Крики получились резкими и звонкими. И, как я надеялся, жалобными. Звуки моего голоса отразились от стен и потолка, отразились от треснувшего зеркала и одинокой лампочки — эхом умчались на кухню. Добрались они и до соседних квартир. Где, я уверен, давно прислушивались к нашим голосам. Сан Саныч застыл (мои вопли словно парализовали его). И замолчал. Нож замер в воздухе (лишь чуть вздрагивало острие). Чем я воспользовался. Вскинул правую руку, накрыл ладонью сжимавшую рукоять кисть «эсэсовца».
И сразу почувствовал, что моих силёнок недостаточно для успешной борьбы с Кузиным. Тот хоть и не выглядел здоровяком, но в мышечной силе мне нынешнему не только не уступал — значительно превосходил. Сан Саныч тоже это заметил.

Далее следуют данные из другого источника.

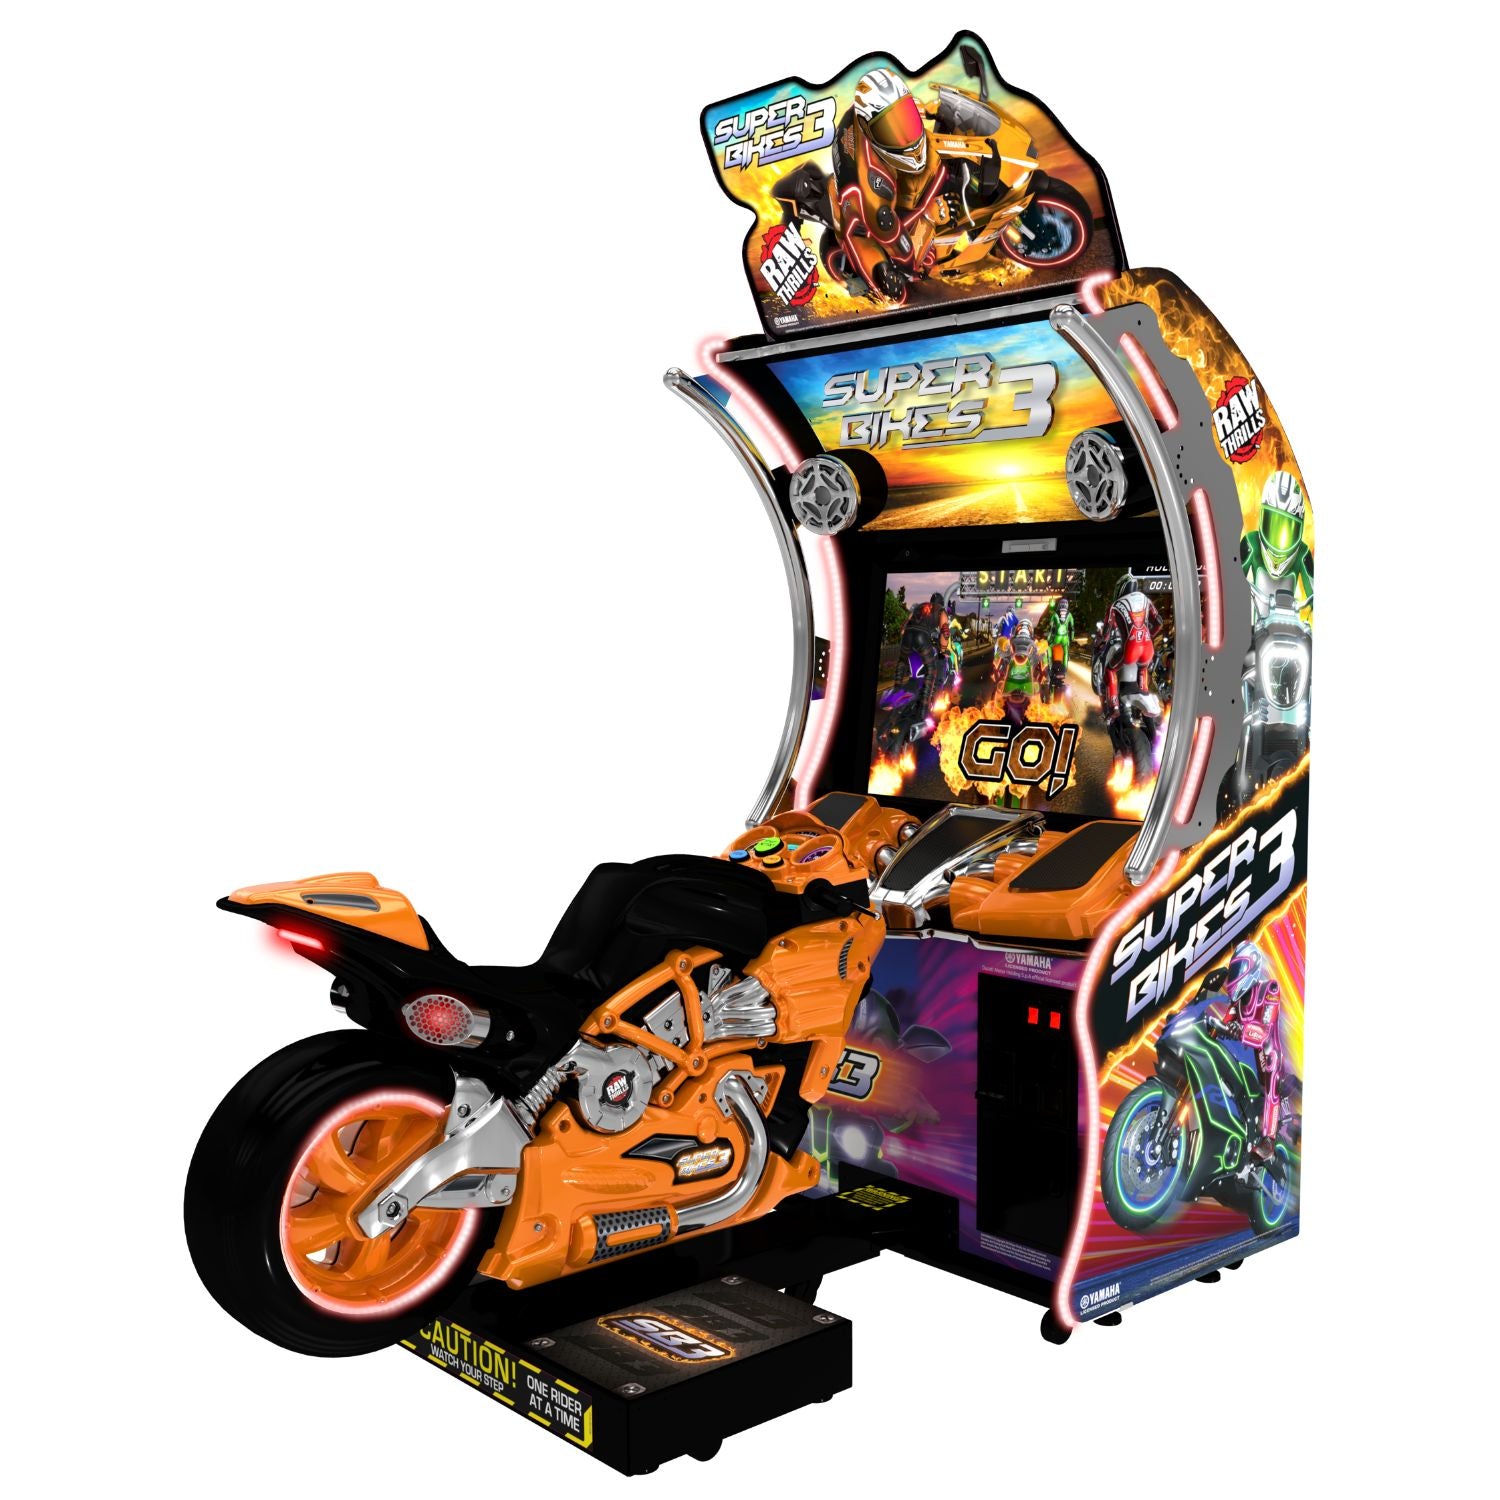 Raw Thrills Super Bikes 3 Arcade Game - Gaming Blaze

Оправился от замешательства. Хмыкнул, когда я левой рукой прикрыл своё горло, направив локоть ему в лицо. Не попытался высвободить свою кисть. Он словно и не заметил моего сопротивления. Приблизил нож к моей голове.
А я помог ему. Надавил на его руку, подправил направление её движения. Я не отталкивал нож, как ожидал Кузин. Притянул его острие к себе: резко, неожиданно для Сан Саныча. Векторы наших усилий сложились. Нож послушно приблизился к моей руке. Набрал ускорение. Пропорол ткань, вошёл в тело. На четверть клинка погрузился в моё плечо. Проткнул мышцу. Не коснулся кости. Но всё же подарил мне букет неприятных ощущений. Я вздрогнул. И тут же зашипел от боли.